KOMPAS.com - Bagi pelaku usaha mikro kecil dan menengah (UMKM), inovasi produk adalah keniscayaan. Selain kunci untuk bersaing, inovasi merupakan langkah penting agar produk lokal tetap relevan dengan kebutuhan pasar.
Terlebih, di tengah ketidakpastian kondisi ekonomi akibat pandemi Covid-19. Karenanya, pelaku UMKM harus mampu beradaptasi dan menyesuaikan diri dengan perilaku konsumen yang dinamis.
Hal tersebut pun disadari oleh sejumlah pemilik brand lokal asal Yogyakarta.
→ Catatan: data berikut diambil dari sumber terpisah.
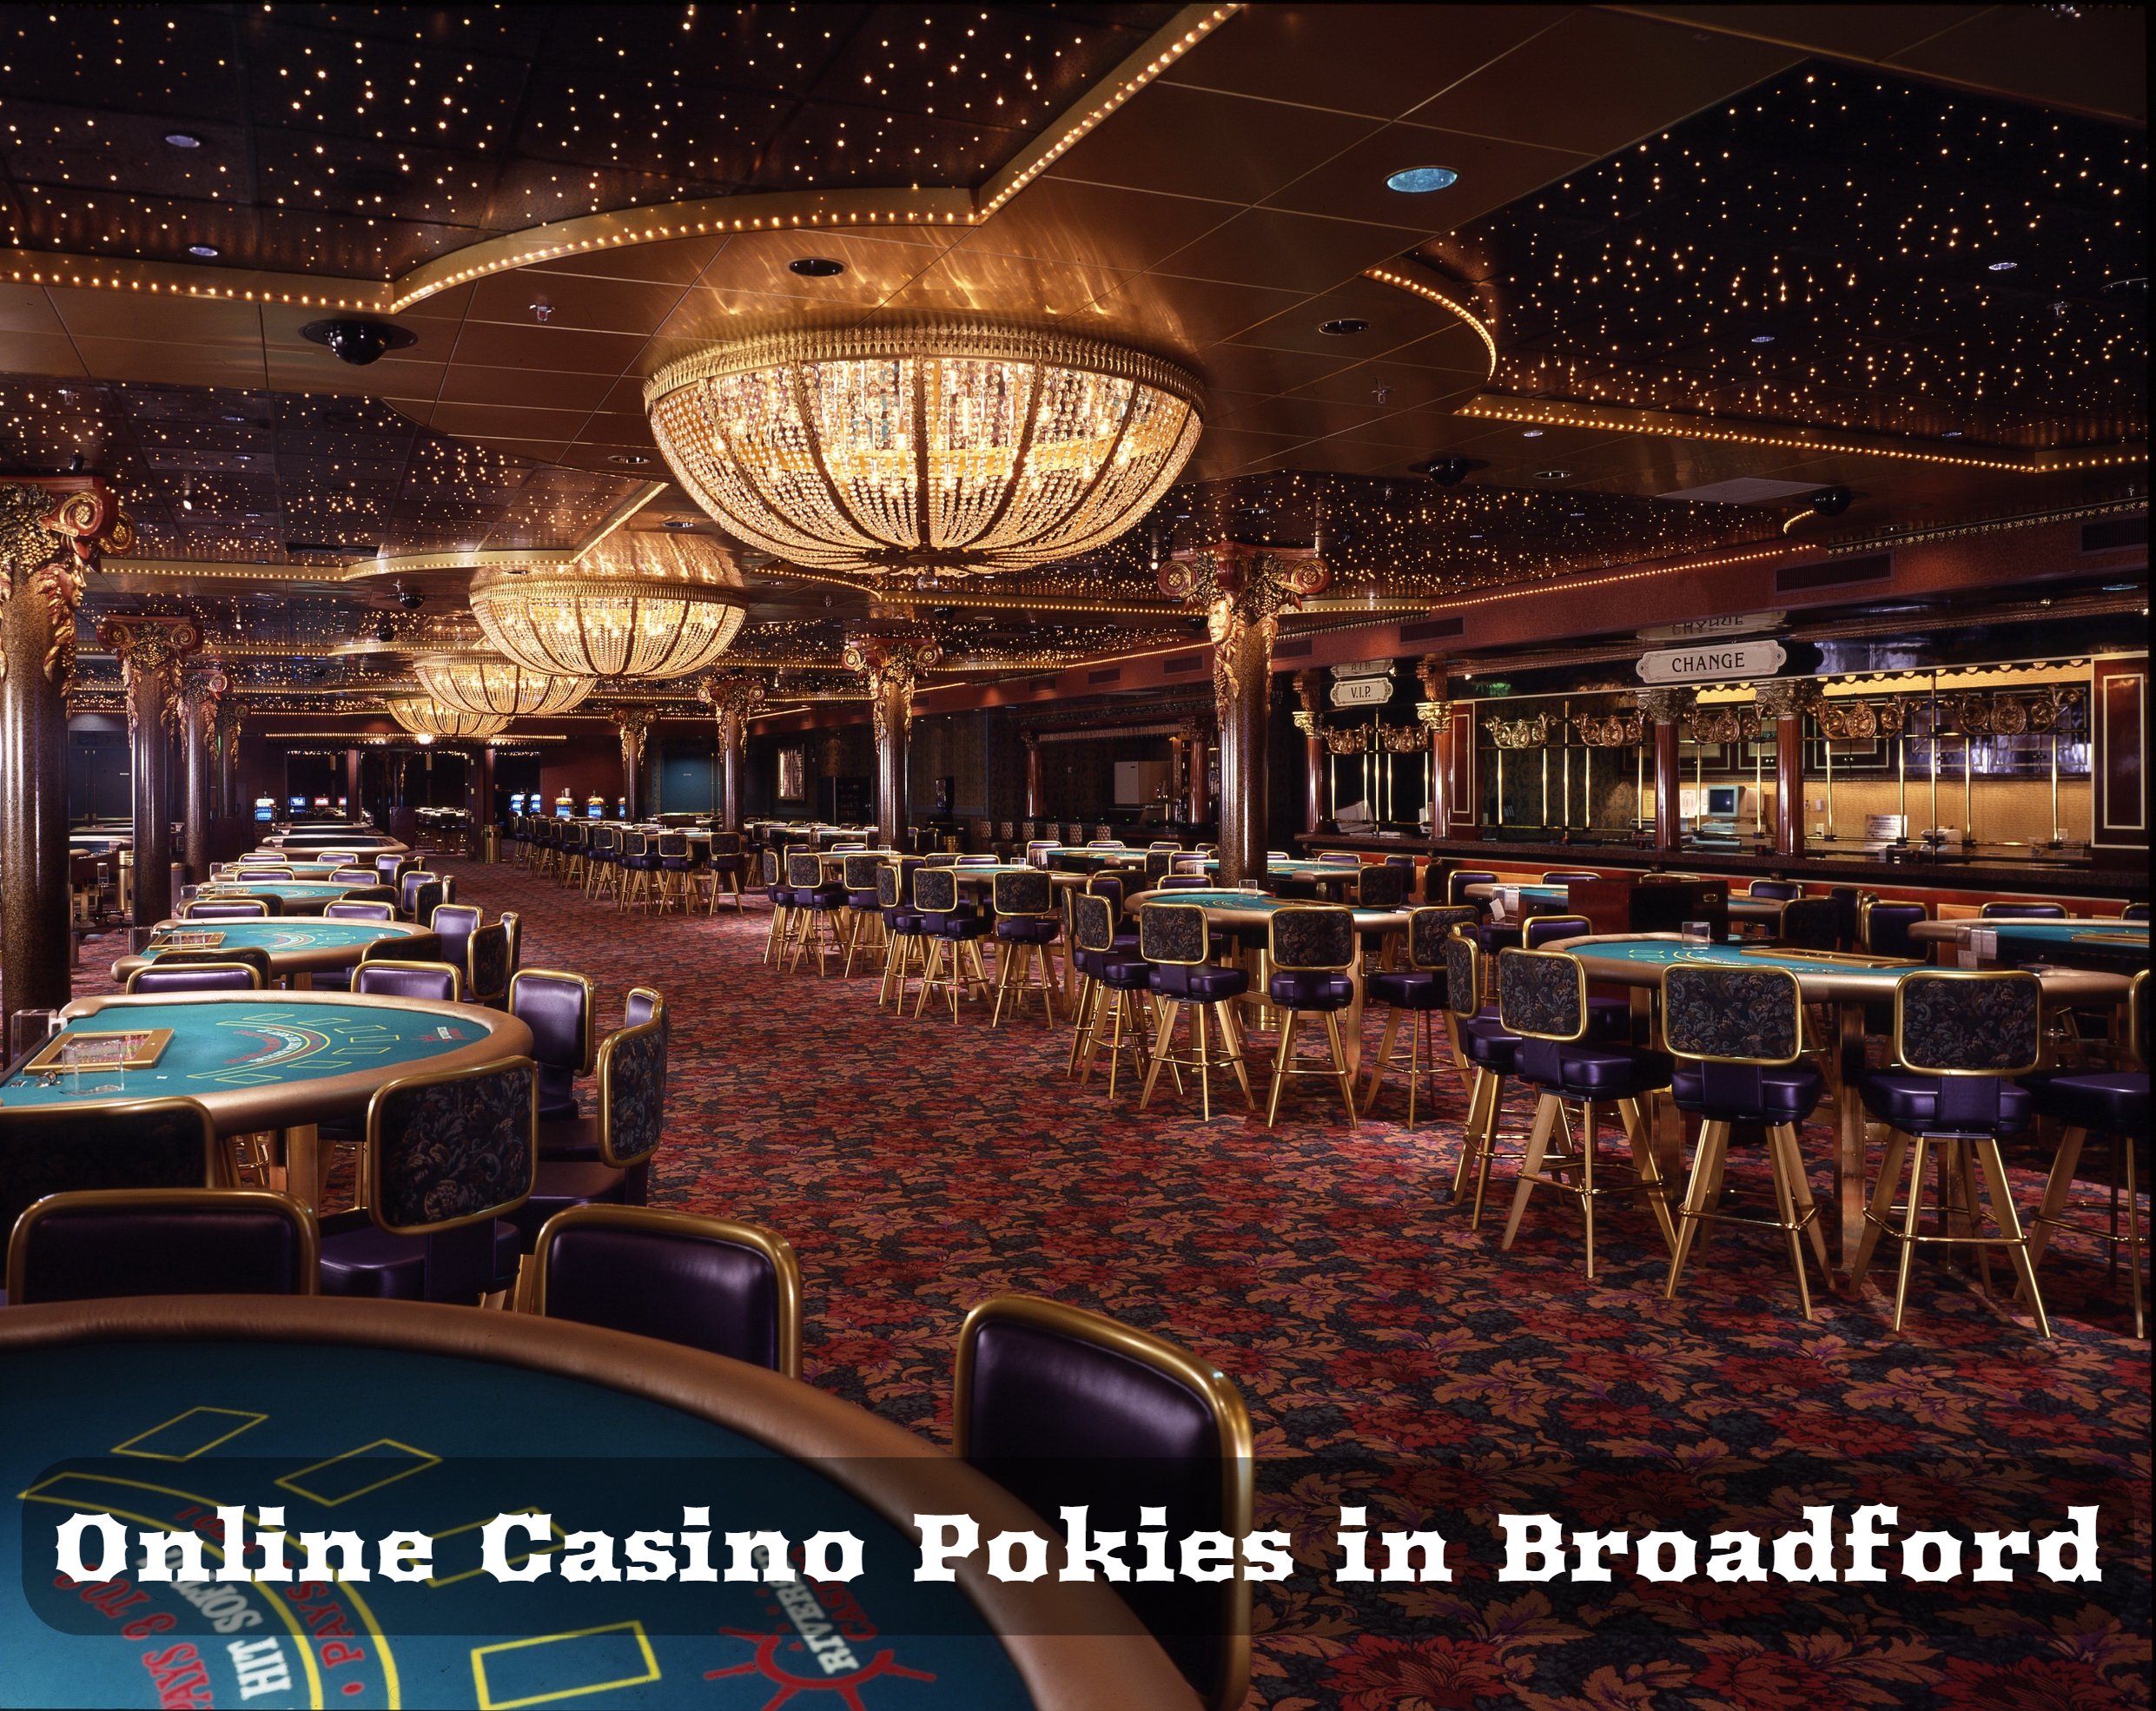 Online Casino Pokies in Broadford

Salah satunya adalah founder Bakpiapia, Rasuna.
Rasuna mengatakan, meski bakpia identik sebagai penganan klasik tradisional, bukan berarti kudapan ini tak dapat dikembangkan sesuai tren dan keinginan pasar.
“Di Yogyakarta, saya melihat bakpia memiliki potensi pasar yang cukup apik. Karena itu, kami coba berinovasi memproduksi produk bakpia yang berbeda dengan bakpia lain,” ujar Rasuna dalam keterangan resmi yang diterima Kompas.com, Jumat (24/9/2021).
Untuk diketahui, bakpia adalah penganan khas Yogyakarta hasil akulturasi dengan budaya China. Kue berbahan tepung terigu yang dipanggang dengan isian kacang hijau ini sejak lama menjadi buah tangan andalan wisatawan yang berkunjung ke Yogyakarta.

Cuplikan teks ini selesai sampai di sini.